Obama Teknoloji Dünyasına girer mi?

, 26 Ekim 2016

Başkanlık dönemi boyunca teknoloji alanına olan özel ilgisi bilinen Obama, kişiliği ile de çok etkili bir profil çiziyor. Bu yazımızda farklı bilgiler ışığında, son gelişmeleri de dikkate alarak, Ocak 2017’de ABD Başkanlığı görevi sona erecek olan Barack Obama’nın, başkanlık sonrası teknoloji dünyasında bir rol oynayıp oynamayacağını, bu dünyanın içine girerse rolünün ne olabileceğini tartışacağız.

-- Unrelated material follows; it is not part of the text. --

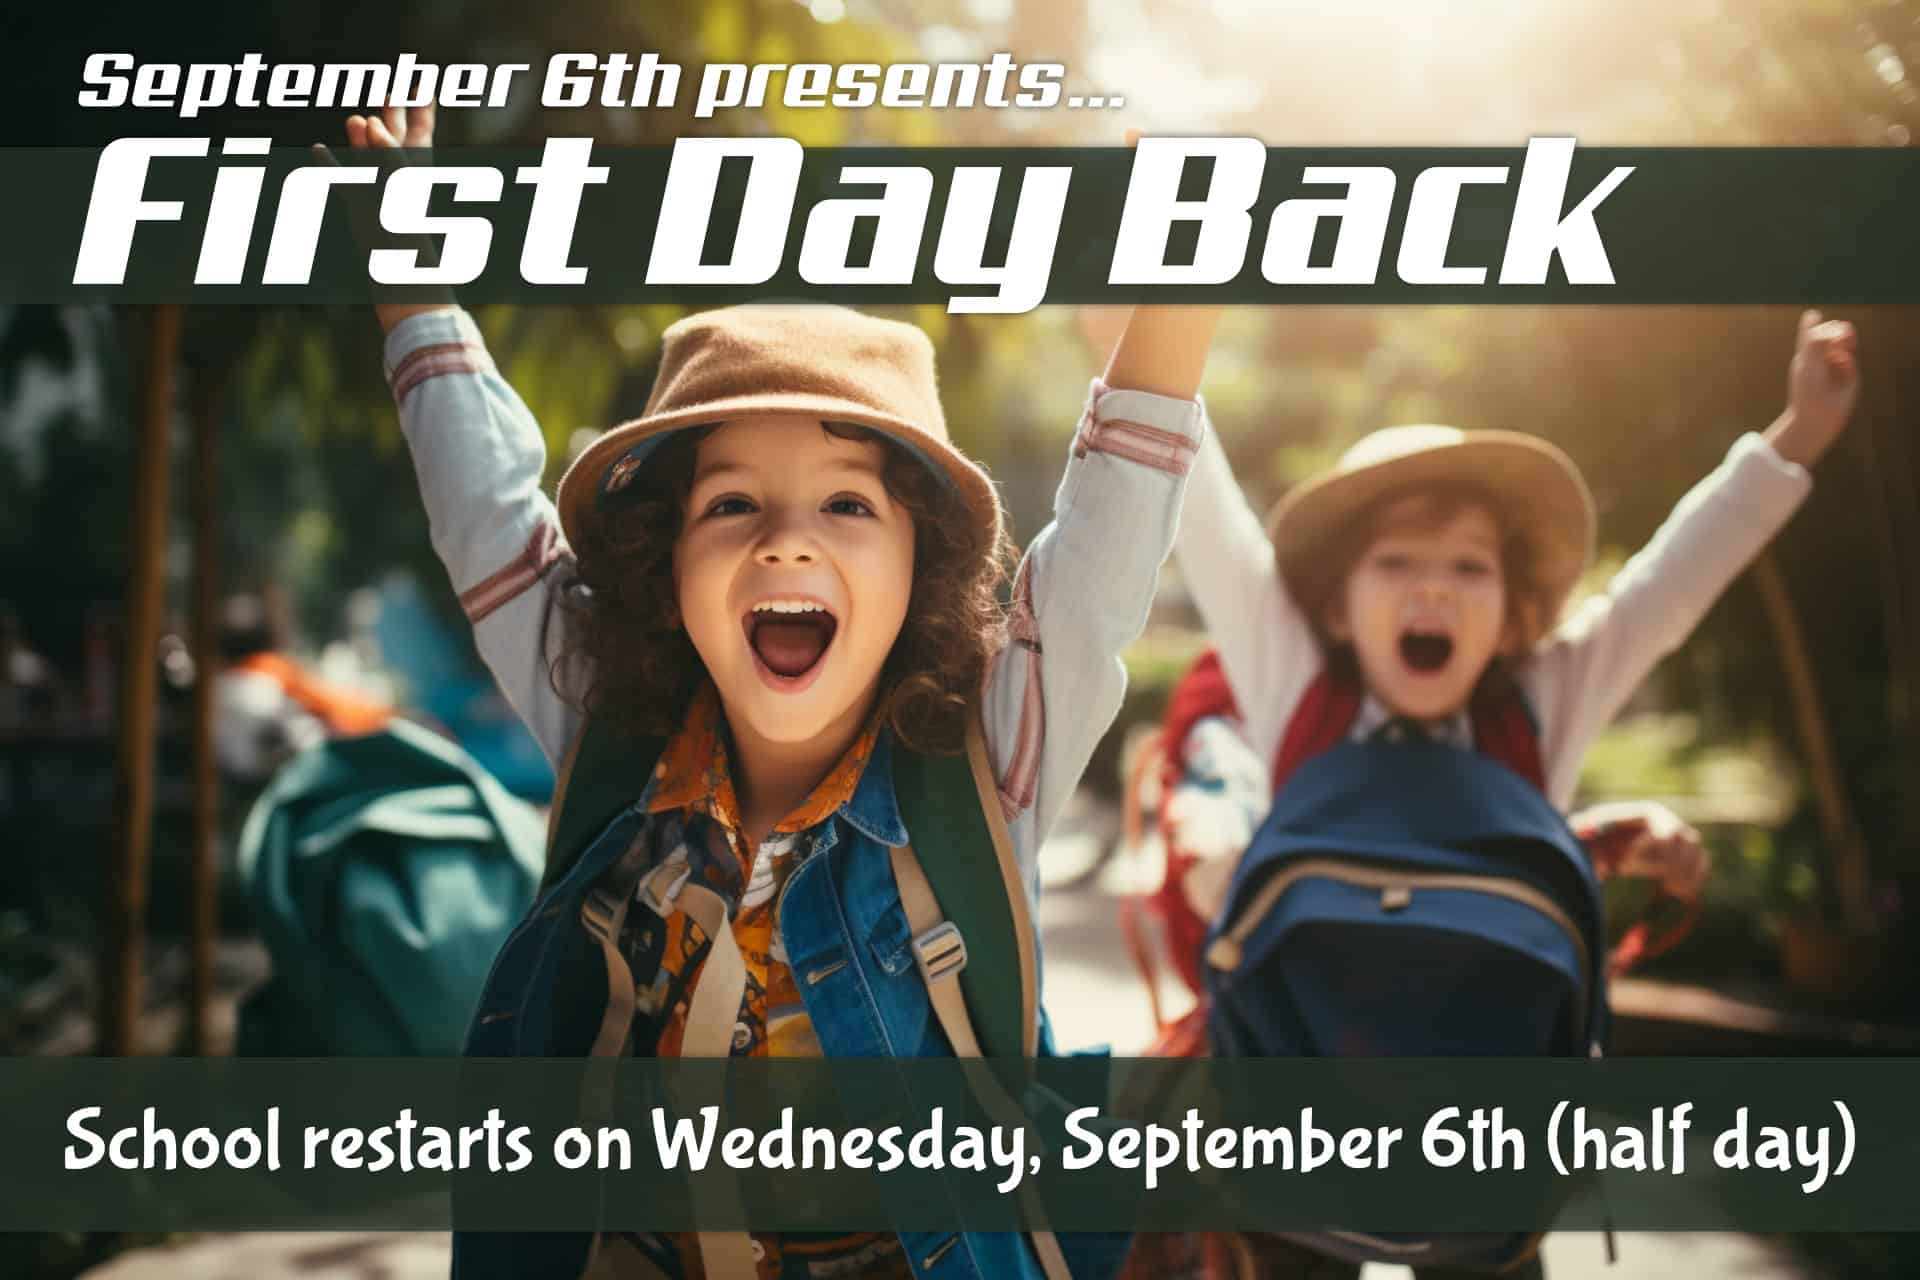 The first day back at school is September 6th! It will be a half day for students.

Obama, Başkanlık ve Teknoloji

Barack Obama, ABD’nin 44. Başkanı olarak 8 yıldır yürüttüğü görevini Ocak 2017’de halefine devretmeye hazırlanıyor. ABD tarihinin ilk Afro-Amerikan başkanı olarak tarihe geçen Obama, aynı zamanda da en genç başkanlardan da birisi oldu. 8 yıl boyunca hem takdir gören hem de eleştirilen bir çok işe imza atan Obama, başkanlığı bırakma sürecinde bile hala artan destek oranlarına sahip bir başkan oldu.

Obama’nın bir diğer çarpıcı özelliği ise hem eğlence dünyası hem de iş dünyası ile kurduğu yakın ilişkiler oldu. Onlarca televizyon şovuna katıldı, birçoğunda da yapılan özel prodüksiyonlarda yer aldı. TV’de konuk olduğu birçok komedi programında ve kendi konuşmalarında, başta kendisi olmak üzere siyasetten sanat dünyasına kadar birçok kişi hakkında oldukça esprili konuşmalar yaptı. Kendisi hakkında sadece siyasette yapılan eleştirilere değil, sosyal medya esprilerine ve çıkarılan dedikodulara da benzer esprili tavırlarla usta bir komedyen seviyesinde cevap vermeyi başardı. Hatta Steven Spielberg ile Daniel Day Lewis’in Obama filmine hazırlanışı konulu birkaç dakikalık esprili bir video çekti ve kendisi bu filmde bizzat rol aldı.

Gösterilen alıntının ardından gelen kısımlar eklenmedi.